In Pakistan the contraceptive prevalence rate is only 30 per cent — a figure that has remained static over the last decade and is considerably lower than in other Muslim countries.
Initiatives taken worldwide show that to make any family programme successful it has to be planned in a way that it enables an individual to choose from the various methods available and she does not feel restricted if one method is not suitable for her. Often contraceptive use is discontinued due to side-effects or fear of rare but serious risks such as breast cancer or fear of weight gain.
Dr Samrina Hashmi, a gynaecologist and executive committee member of Society of Obstetrics/ Gynaecology Pakistan, says, “A wide range of products, including emergency contraception should be available at all primary health centres. Information and communication material should be available at all primary health centres, hospitals where women deliver and waiting areas of public places. There should be awareness campaigns on electronic media, which should dispel the myths and misconceptions, while making the health benefits known.”
Health personnel, including doctors, nurses and primary healthcare workers, should be trained to provide correct information of the benefits and side effects of contraception, and to offer alternative methods of choice. They should also be trained to treat all those who request contraceptive information and service with respect, whether they are married or single, young or old, wealthy or poor, male or female.

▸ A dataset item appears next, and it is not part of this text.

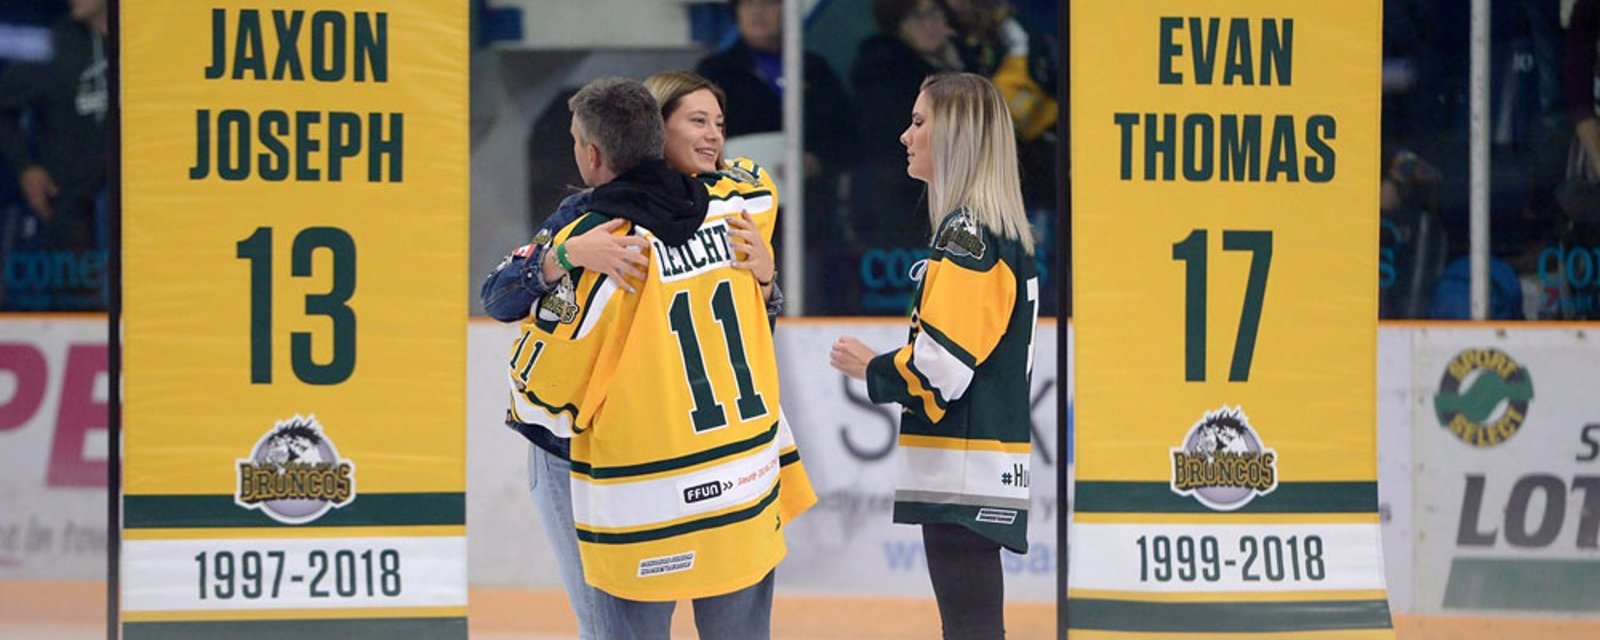 Former NHLer Joseph fighting for his son’s legacy after Humboldt Broncos tragedy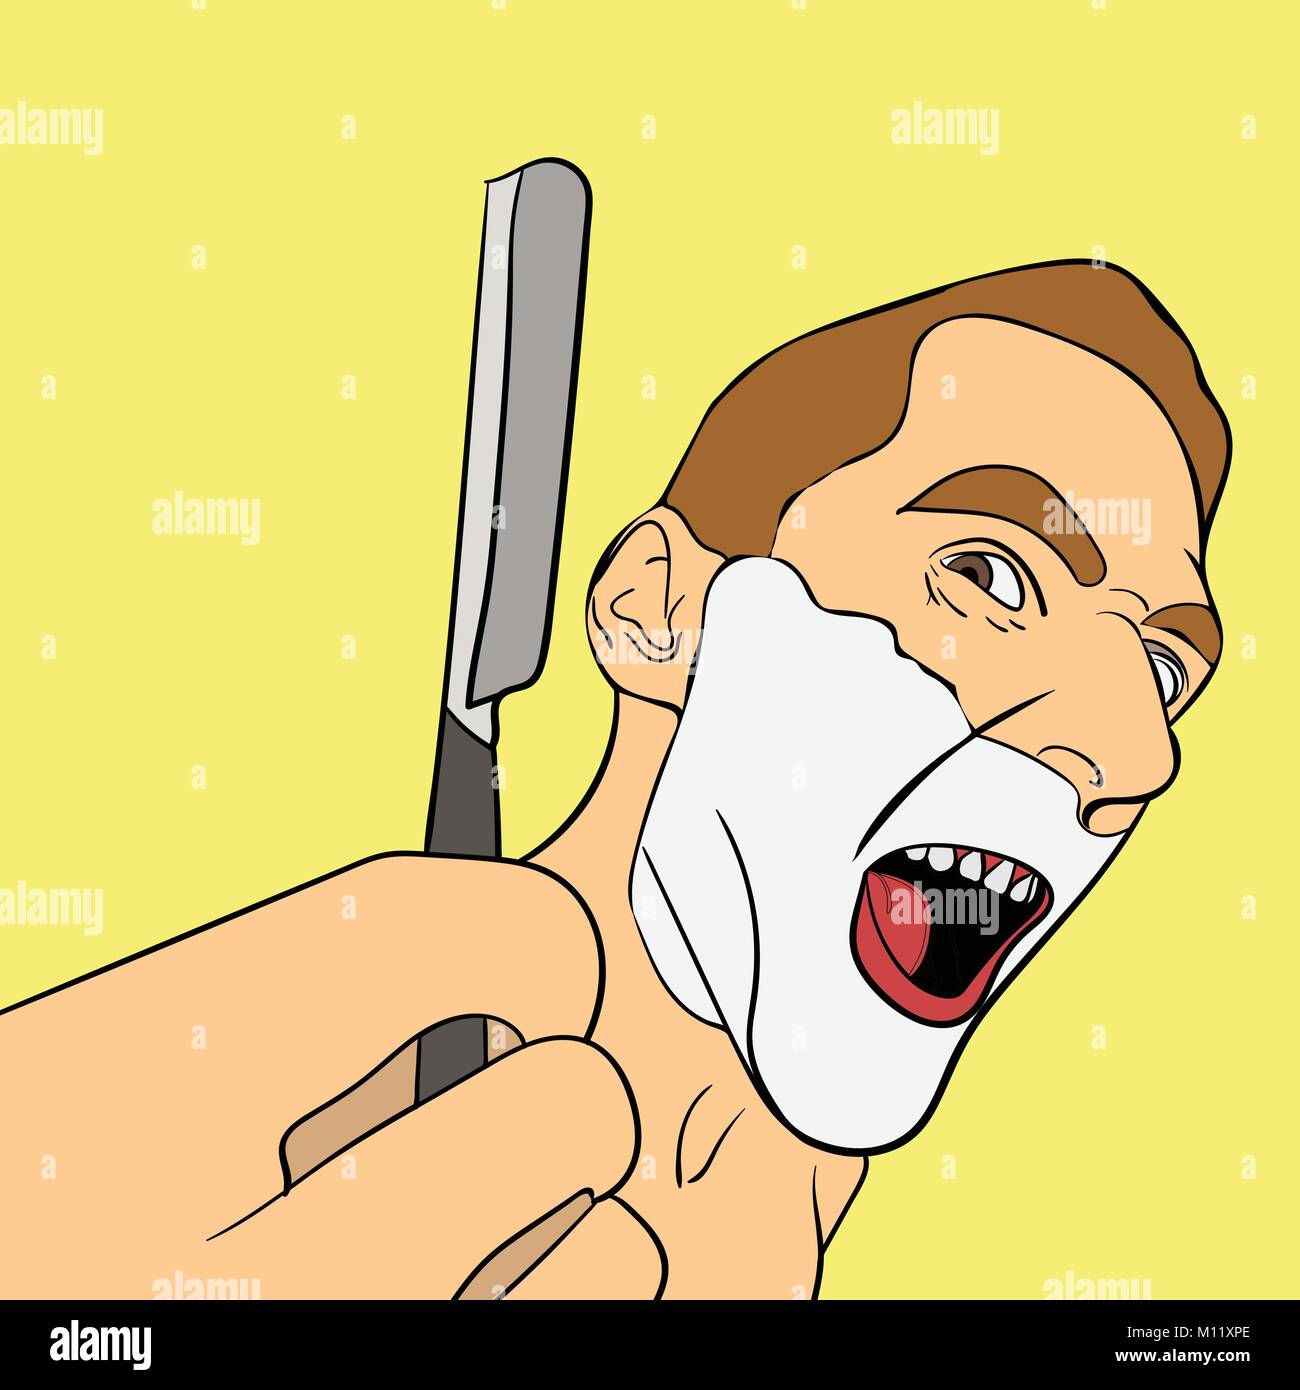 Man is holding a straight razor. Mad man. On the face of shaving cream. Vector art in the style of pop art Stock Vector

Dr Hashmi believes, “Family planning can only be made accessible if there is will on the part of the government. We need to change the mind-set, and that is not possible without education. Reproductive biology should be made a part of the school curriculum, in all types of schools and madressahs”.
For people to avail family planning services it is important that they have easy access to it. This calls for outreach and community-based provisions. In certain sections of our society women’s mobility is restricted and they often fail to continue or avail the services at all if they have to travel a long distance for regular supply. An important feature of community-based programmes is that workers operate in their own communities, sharing the same language and customs and have greater credibility.
Prof Sadiqua Jafarey, chairperson, National Commission on Maternal and Child Health, believes, “One of the strategies to make the FP services available to the hard to reach and the poor is through the Lady Health Worker (LHW) Programme initiated in 1994. The primary function of the over 100,000 trained LHWs is to provide preventive and promotive services, which includes FP services, to the community. The LHWs need to have information regarding contraceptives, including dispelling the myths and misconceptions prevailing within the community.”
Besides making the services easily available where they are most needed, it is important to enlist the support of key sectors of society including religious scholars and community leaders. “Religious leaders and khatibs of mosques, should be trained to make this important issue a part of their sermons and tell the public that family planning is not against Islam,” says Hashmi.
An official at the Family Planning Association says, “One way to tackle this issue is through introduction of demand-based financing programmes for comprehensive sexual and reproductive health services with focus on FP services either through cash incentives or through vouchers that cover all health service costs or conditional social transfers, etc. But the approach can only lead to behaviour change when the investment through these approaches is continued for decades and not merely donor-funded two-to-three-year programmes; small interventions do not lead to behaviour change, it needs to be taken up as a long-term strategy.
“At the same time supply of contraceptives needs to be strengthened. Presently 48 per cent of users of modern methods go to a public source. USAID has agreed to provide and bear the cost of contraceptive needs till 2014. What after that? No commitment from either provincial or federal government has yet surfaced.”
Any family planning programme cannot be successful without involving men; this is more important in societies like ours where a large number of women want to plan their families but cannot do so as their husbands do not agree to it. When the husbands are aware of the advantages of planned family — the health of the mother, better health of children, more children surviving and overall well being of the whole family — they will be more willing to cooperate.